School of Information & Electrical Engineering, Hebei University of Engineering, Handan 056038, Hebei, China.
Hebei Key Laboratory of Security & Protection Information Sensing and Processing, Handan 056038, Hebei, China.
Sensors (Basel). 2019 Mar 22;19(6):1421. doi: 10.3390/s19061421.
As wireless sensing has developed, wireless behavior recognition has become a promising research area, in which human motion duration is one of the basic and significant parameters to measure human behavior. At present, however, there is no consideration of the duration estimation of human motion leveraging wireless signals. In this paper, we propose a novel system for robust duration estimation of human motion (R-DEHM) with WiFi in the area of interest. To achieve this, we first collect channel statement information (CSI) measurements on commodity WiFi devices and extract robust features from the CSI amplitude. Then, the back propagation neural network (BPNN) algorithm is introduced for detection by seeking a cutting line of the features for different states, i.e., moving human presence and absence. Instead of directly estimating the duration of human motion, we transform the complex and continuous duration estimation problem into a simple and discrete human motion detection by segmenting the CSI sequences. Furthermore, R-DEHM is implemented and evaluated in detail. The results of our experiments show that R-DEHM achieves the human motion detection and duration estimation with the average detection rate for human motion more than 94% and the average error rate for duration estimation less than 8%, respectively.

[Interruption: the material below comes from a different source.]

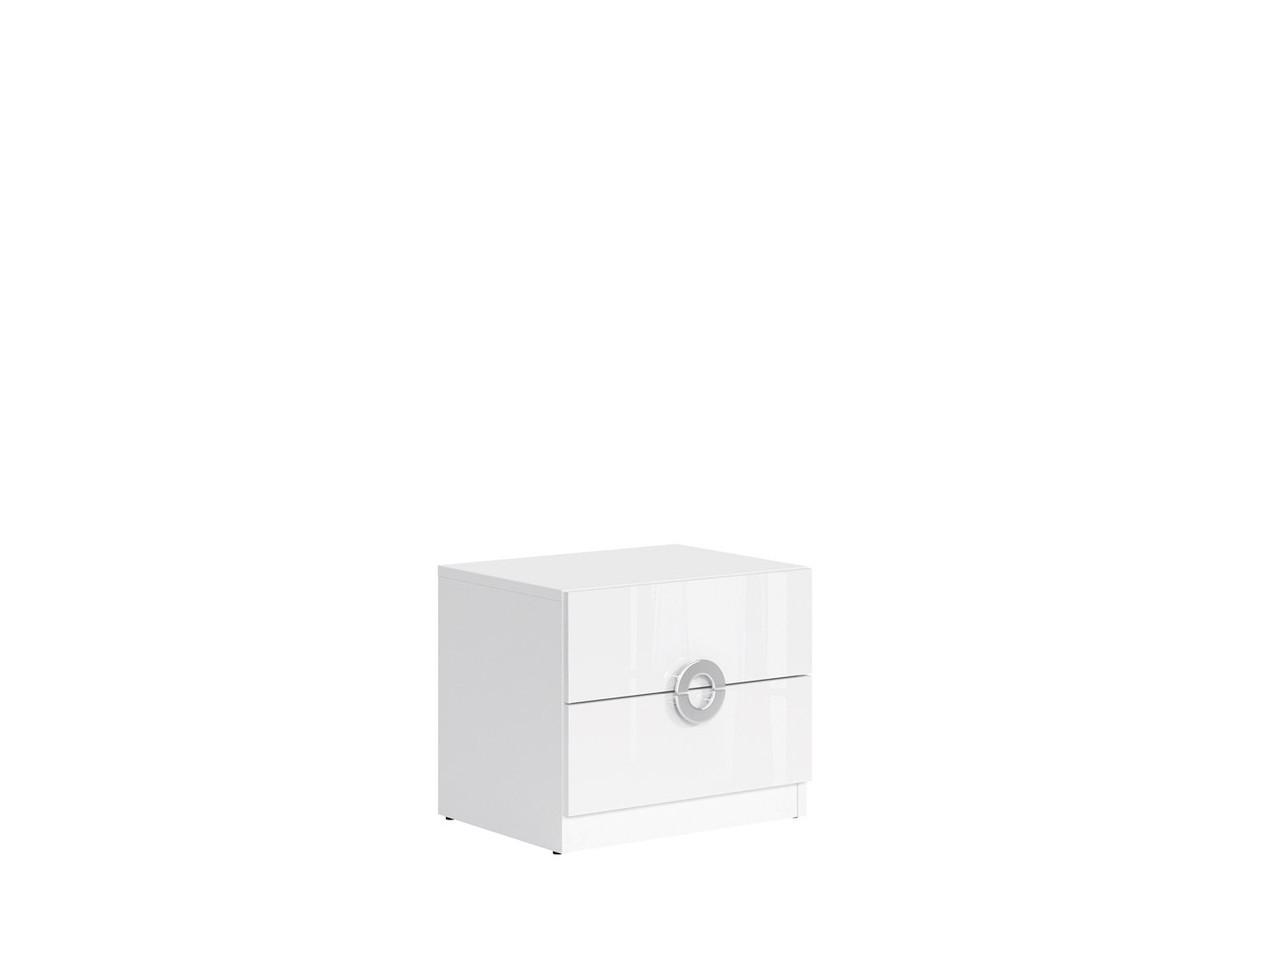 Тумба прикроватная KOM2S/5/4 Ringo BRW белый/белый глянец
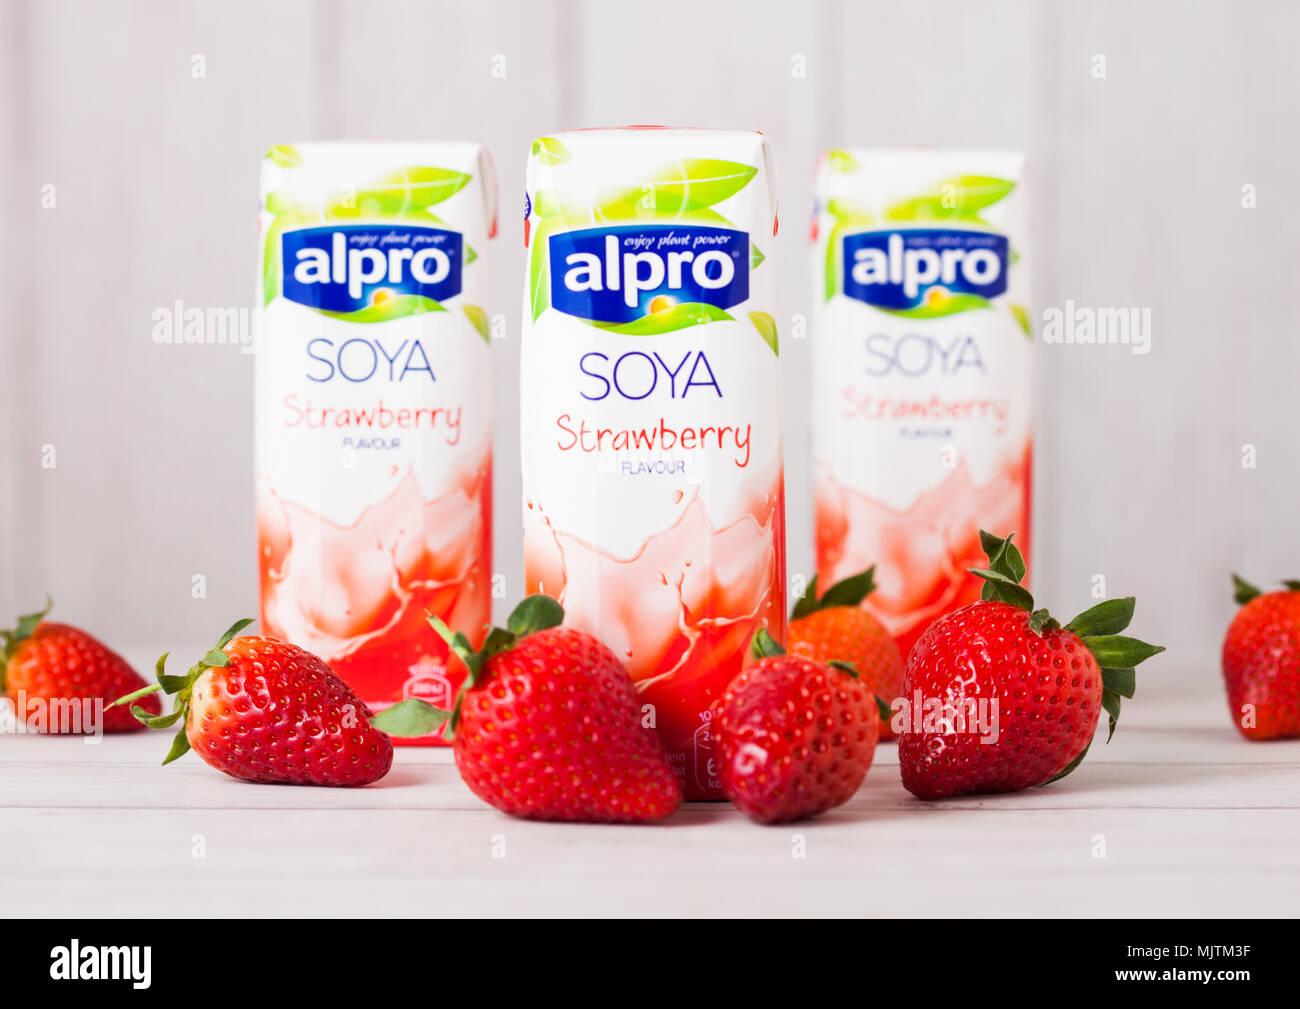 Soya Milk Alpro Stock Photos Soya Milk Alpro Stock Images

随着无线传感技术的发展,无线行为识别已成为一个很有前途的研究领域,其中人类运动持续时间是衡量人类行为的基本且重要的参数之一。然而,目前利用无线信号还没有考虑到人类运动持续时间的估计。在本文中,我们提出了一种利用 WiFi 的新颖的无线感知中的人类运动持续时间稳健估计(R-DEHM)系统。为了实现这一目标,我们首先在商品 WiFi 设备上收集信道状态信息(CSI)测量值,并从 CSI 幅度中提取稳健的特征。然后,引入反向传播神经网络(BPNN)算法进行检测,通过寻找不同状态(即移动人体的存在和不存在)的特征的切割线来进行检测。我们没有直接估计人类运动的持续时间,而是通过对 CSI 序列进行分段,将复杂的连续持续时间估计问题转换为简单的离散人类运动检测。此外,还详细地实现和评估了 R-DEHM。我们的实验结果表明,R-DEHM 可以实现人类运动检测和持续时间估计,其人类运动的平均检测率超过 94%,持续时间估计的平均误差率小于 8%。